Born 16 September 1952 in Dallas, Texas, USA. Educated in Texas, England and Saskatchewan. Met future wife, Roma Adelman, 1969. Received B.Sc., 1974, Pure and Applied Mathematics, from University of Sheffield, England. Married Roma Adelman 1975. Obtained Ph.D., 1979, Mathematical Sciences, University of Texas at Dallas. Dissertation: The Numerical Integration of Einstein's Equations. Conceived and assisted on early implementation of Michael Hoffman (1980) and Eric Hoffman (1985). Worked for Texas Instruments in Dallas, Exxon in New Jersey, Schlumberger in Houston. Came to IBM as contractor in 1987; became regular employee a year later. Worked as language architect on product now called DB2/2, before it moved to Toronto (1988-1991). IBM Technical Liaison to Taligent, 1992-1994. Divorced 1999, remarried same year to Peggy Deveney. Moved around a lot in IBM Austin, now in AIM Services. Proud father of Abigail Elizabeth Hoffman 5/15/2001. I guess nothing is more important than that, so I'll stop here.
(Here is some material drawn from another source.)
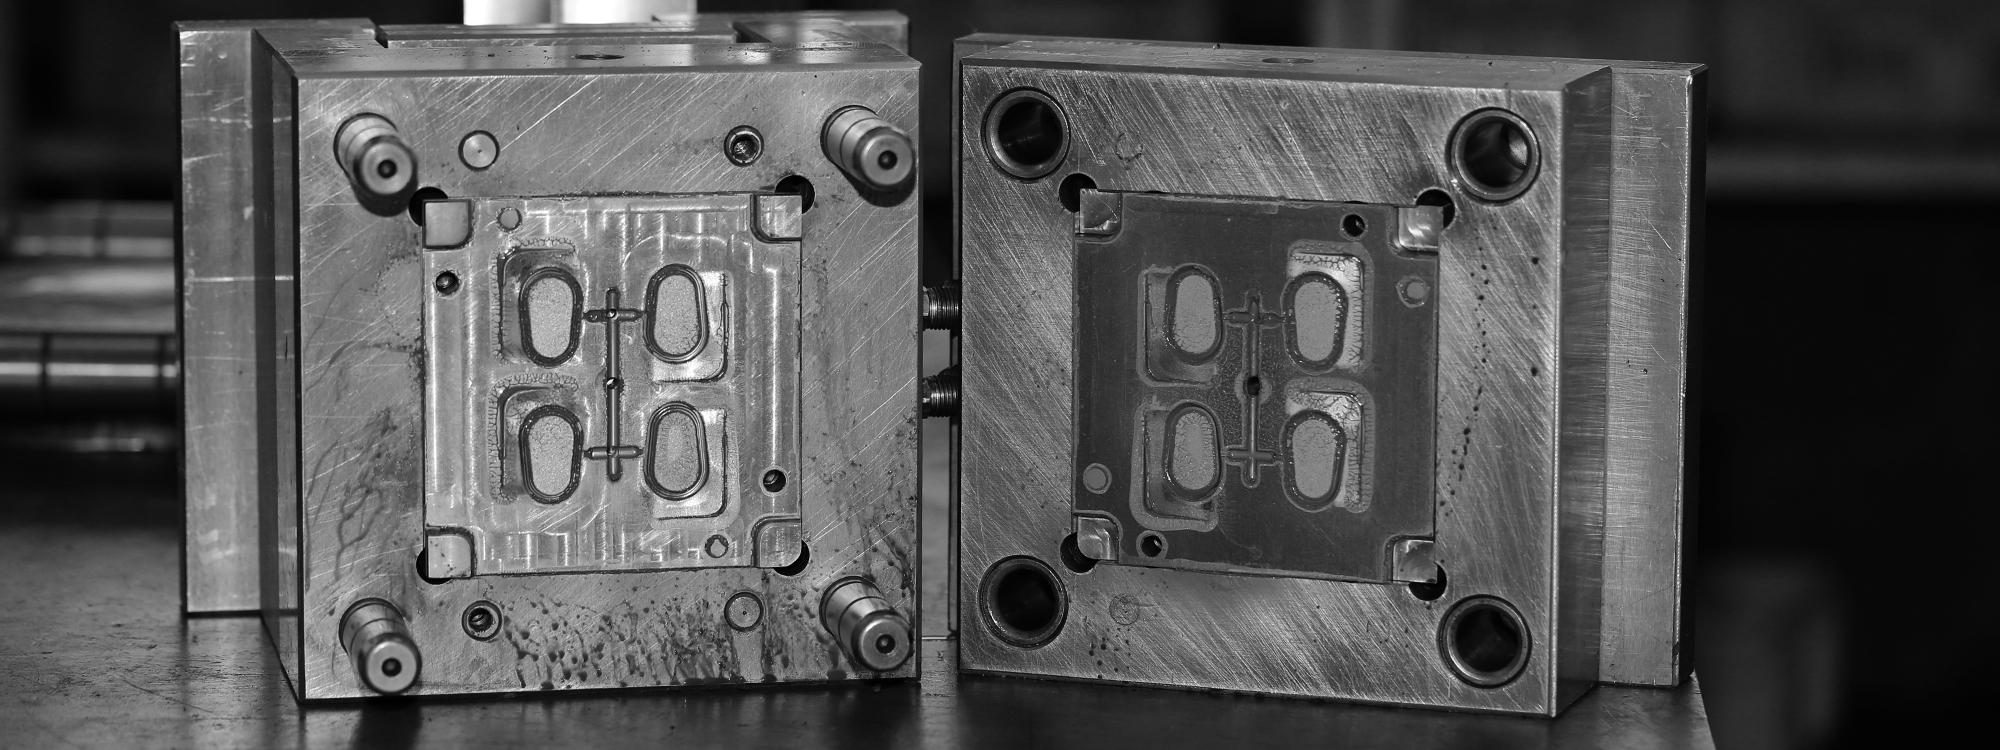 オリジナルブランドでケースを作る時に発生する金型代。とても値段が高いんです。

It was a clerical error. Really. I was invited to attend The Queen's Univerisity in Belfast by a friend of mine in their CS department. He arranged everything, but they asked me to send in an application "just as a formality." Due to the postal strike that year, my application was delayed five months, and it was automatically routed to a clearing house which matched late applications with open seats in British Universities. Belfast requested the application be sent back to them, but Clearing never found it. Meanwhile, although I had stated on the application that I only wanted to study CS, and only at Belfast, a copy of the application had started to wind its way across the UK. In late September, after I had given up hope, I received a letter from the University of Sheffield saying that I was accepted to study Pure Mathematics. I looked up Sheffield in the encyclopedia, and looked up Pure Mathematics in the encyclopedia, said "what the heck!" (or something to that effect) and dashed off to England.
It's a long and boring story, that you would have had to have gone to my high school in the sixties to understand. Now it's a tradition: I've had an account called "ubiquity" somewhere in the world every year since 1970.